İki ila altı günlük bir kuluçka süresi ile hastalık, tıpkı çift tırnaklı hayvanlarda olduğu gibi, bifazik-siklik bir enfeksiyon olarak ilerler. Kısa, orta dereceli bir ateş evresinden ve bulantı, bitkinlik, baş ağrısı ve vücut ağrıları gibi spesifik olmayan genel semptomlardan sonra, kızarık ağız mukozasında ağrılı aftlar ortaya çıkabilir , ancak tercihen ellerin (parmak uçları) ve ayakların yanı sıra ellerin derisinde (parmak uçları) ve ayaklarda ağrılı aftlar görülebilir . genital bölge. Aft kuruduktan sonra gelişen cilt erozyonları genellikle on gün içinde tamamen iyileşir.

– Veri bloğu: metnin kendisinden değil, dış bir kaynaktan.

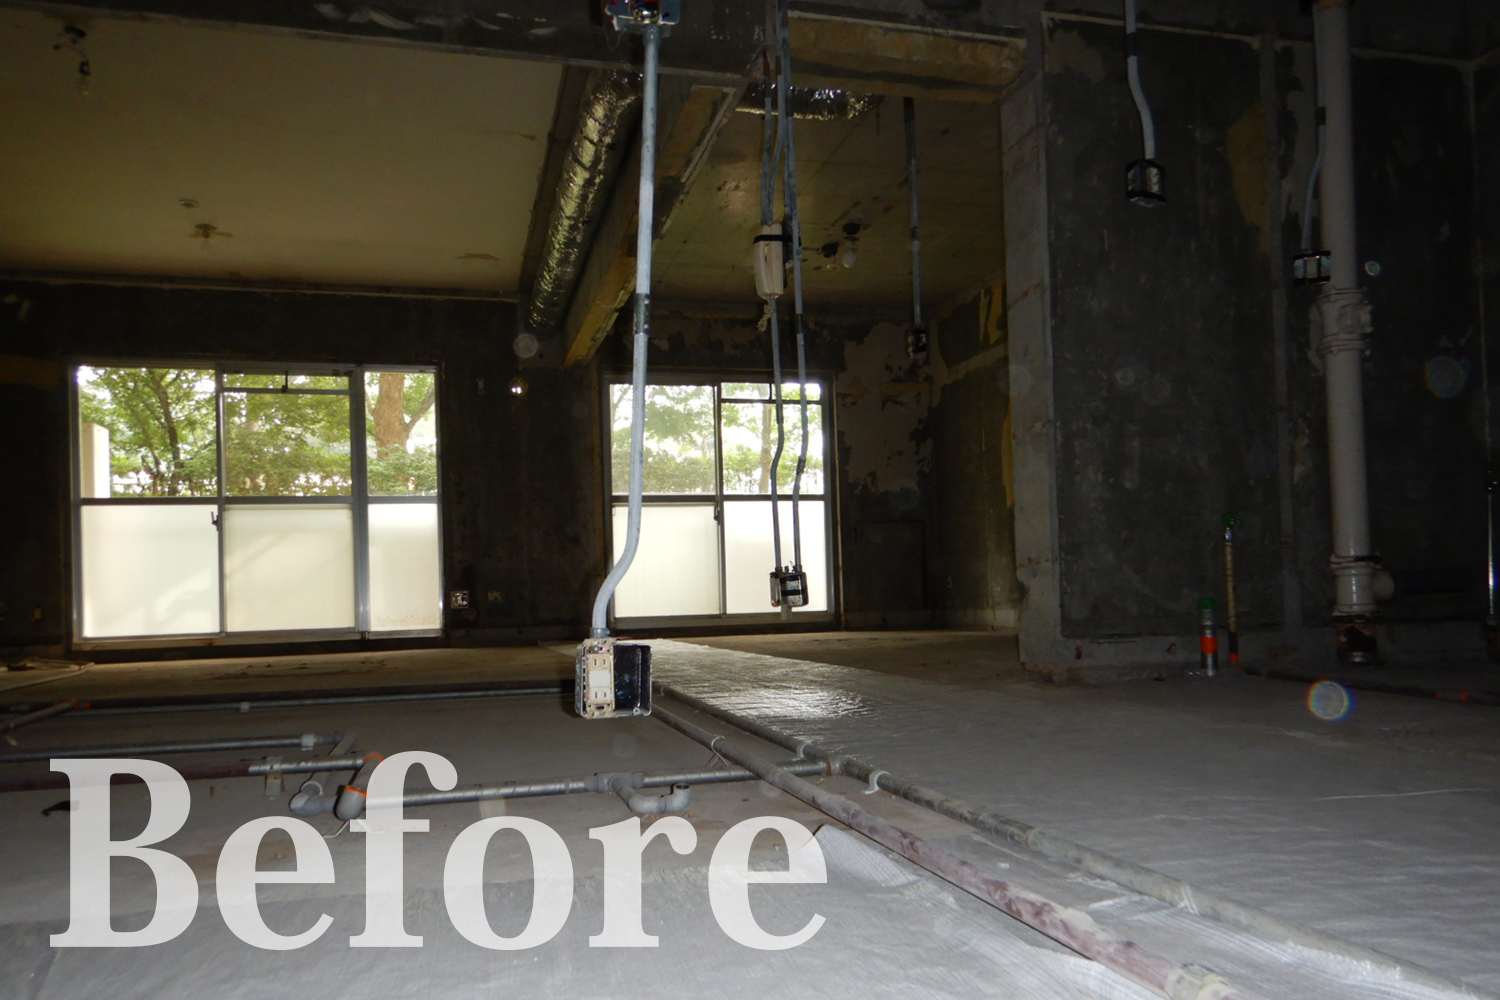 Before／スケルトン状態（既存の建物の骨組みを残し、内装や設備等全てが解体されてある状態）のマンション一室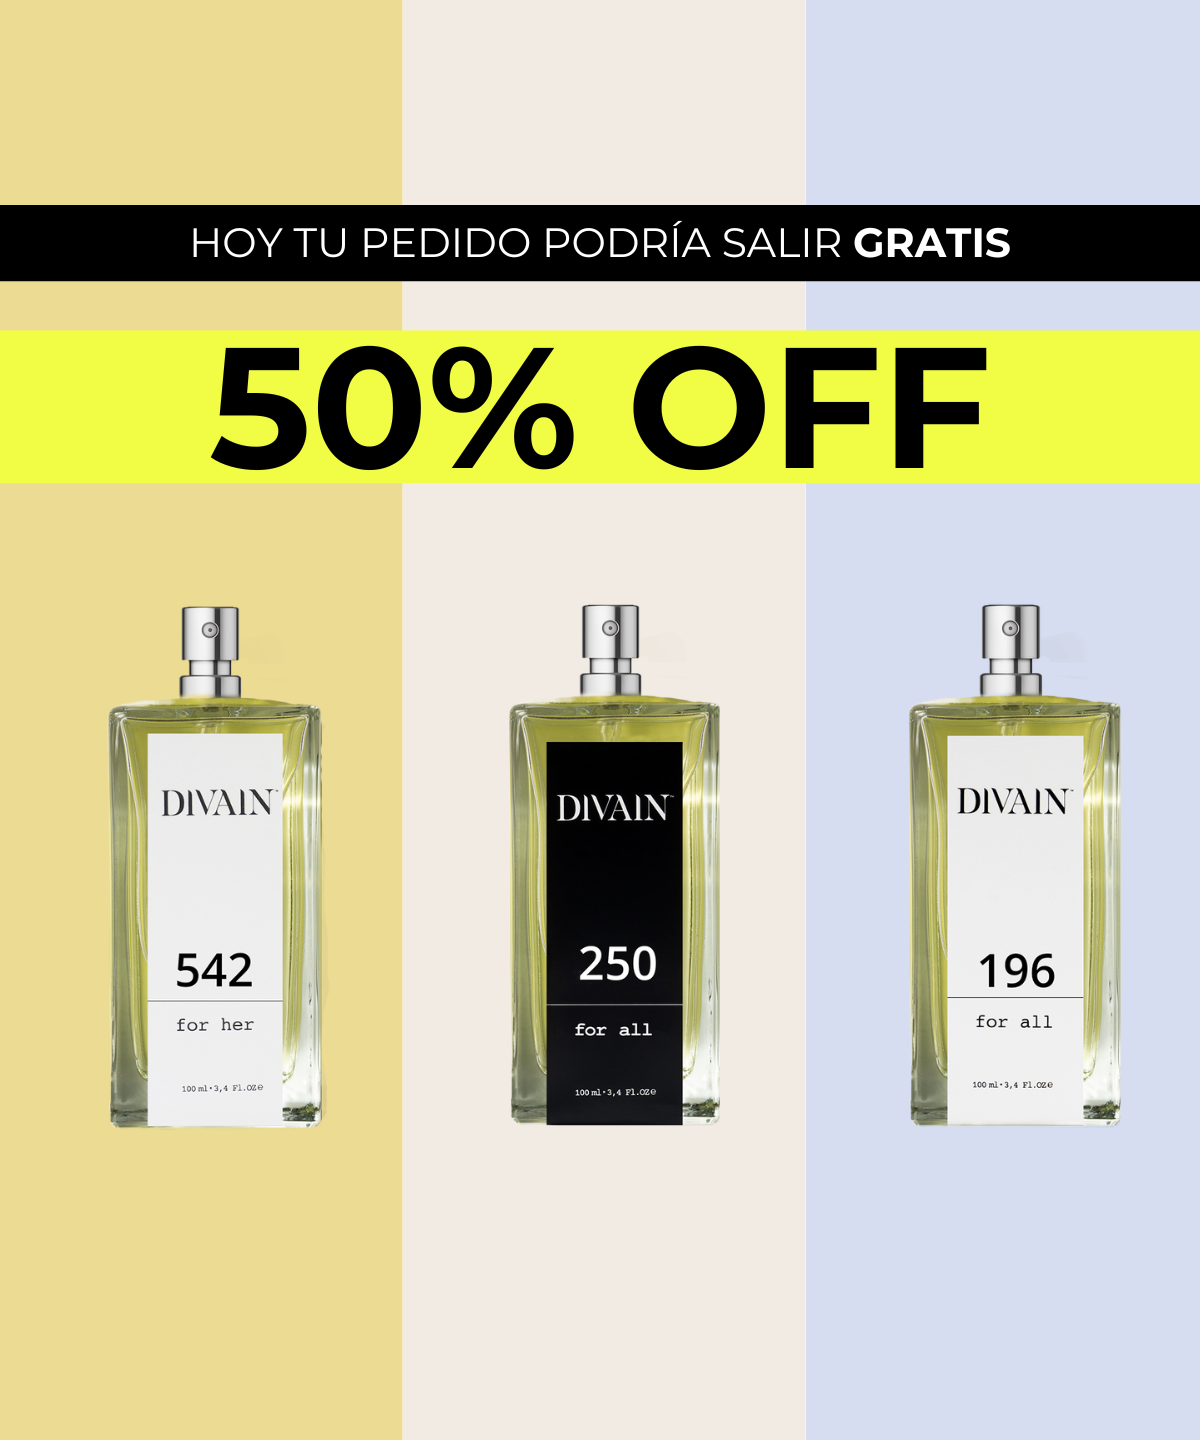 Perfumes DIVAIN. Aprovecha la mejor oferta de perfumes del 50% en todos los perfumes. ¡Y hoy tu pedido podría salir gratis!

Ayırıcı tanı açısından , yaygın olarak el, ayak ve ağız döküntüsü olarak adlandırılan, yine viral olan ve çok benzer semptomlarla seyreden hastalık ayırt edilmelidir . İnsanlarda, özellikle küçük çocuklarda daha sık tanımlanır. Bu hastalık, enterovirüs Coxsackie A'nın neden olduğu Picornaviridae ailesinden farklı bir virüstür .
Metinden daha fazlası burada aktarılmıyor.